Now (integrant.repl/go) will bring your system up, and with (integrant.repl/reset) you can get back to a clean slate.

cider-refresh

CIDER (Emacs’s Clojure integration) supports tools.namespace through the cider-refresh command. This only does code reloading though, but you can tell it to run a function before and after the refresh, to achieve the same effect.

;; emacs config


;; reloaded.repl
(setq  cider-refresh-before-fn "reloaded.repl/suspend")
(setq  cider-refresh-after-fn "reloaded.repl/resume")

;; integrant-repl
(setq  cider-refresh-before-fn "integrant.repl/suspend")
(setq  cider-refresh-after-fn "integrant.repl/resume")

You can also configure this on a per-project basis, by creating a file called .dir-locals.el in the project root, which looks like this.

((nil . ((cider-refresh-before-fn . "integrant.repl/suspend")
         (cider-refresh-after-fn . "integrant.repl/resume"))))

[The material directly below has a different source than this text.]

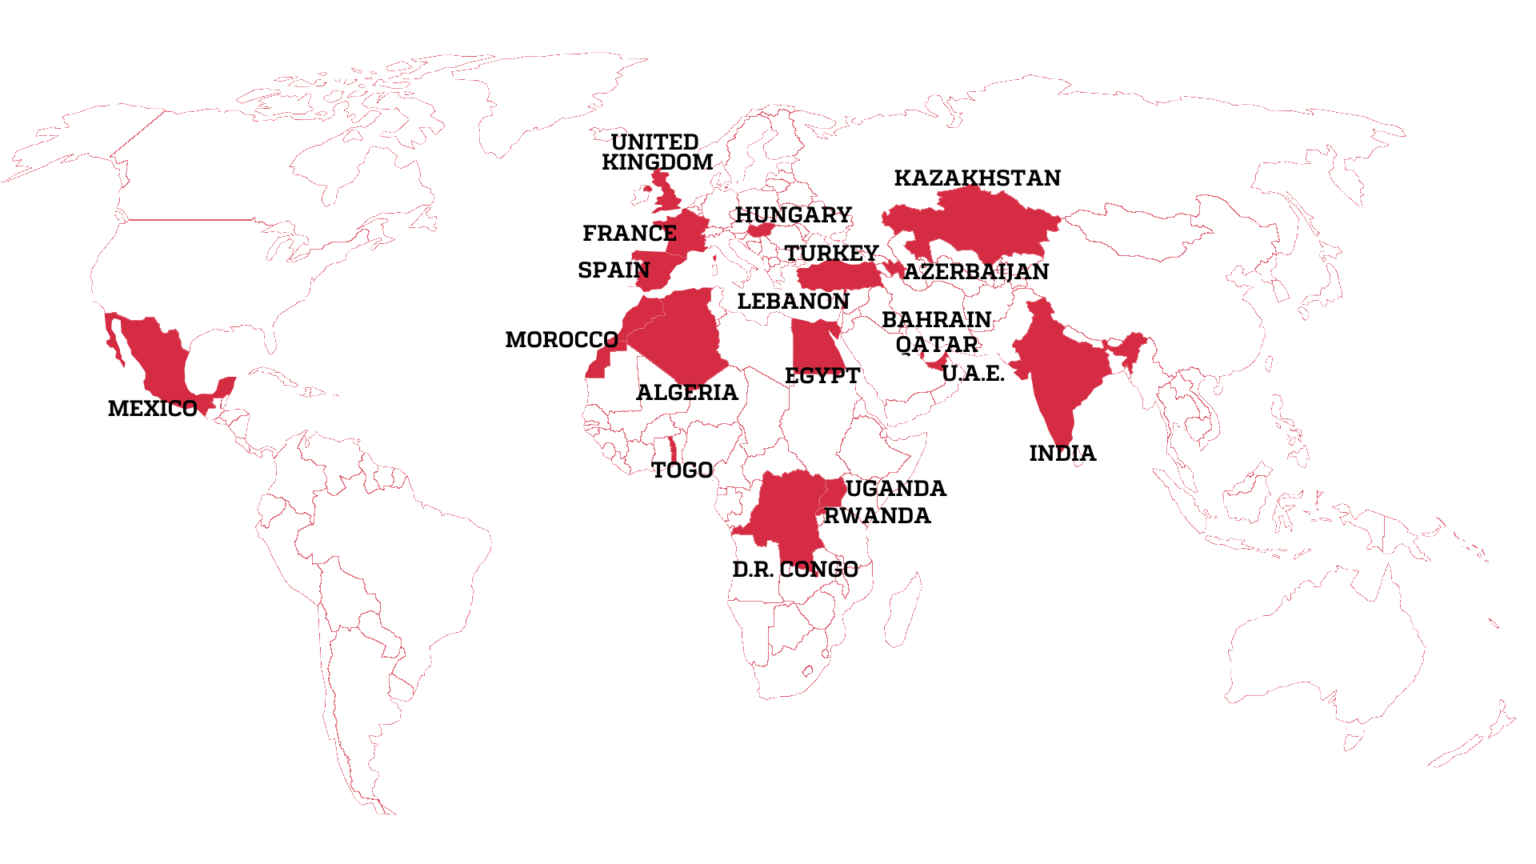 Страны, в которых, согласно списку, через программы NGO ведётся слежка за журналистами. Источник: forbiddenstories.org

Now calling cider-refresh (Spacemacs: , s x) will again stop the system, reload all namespaces, and restart.

Plot twist

So far so good, this was a lengthy introduction, but I wanted to make sure we’re all on the same page, now let’s look at some of the things that might spoil our lovely reloading fun.

AOT

Clojure has a nifty feature called AOT or “ahead of time compilation”. This causes Clojure to pre-compile namespaces to Java classes and save those out to disk. This can be a useful feature as part of a deployment pipeline, because it can speed up booting your app. It has some serious drawbacks though, as it messes with Clojure’s dynamic nature.

What tends to happen is that at some point people find out about AOT, they think it’s amazing, and enable it everywhere. A bit later errors start popping up during development that just make no sense.

AOT should only be used for deployed applications. Don’t use it during development, and don’t use it for libraries you publish.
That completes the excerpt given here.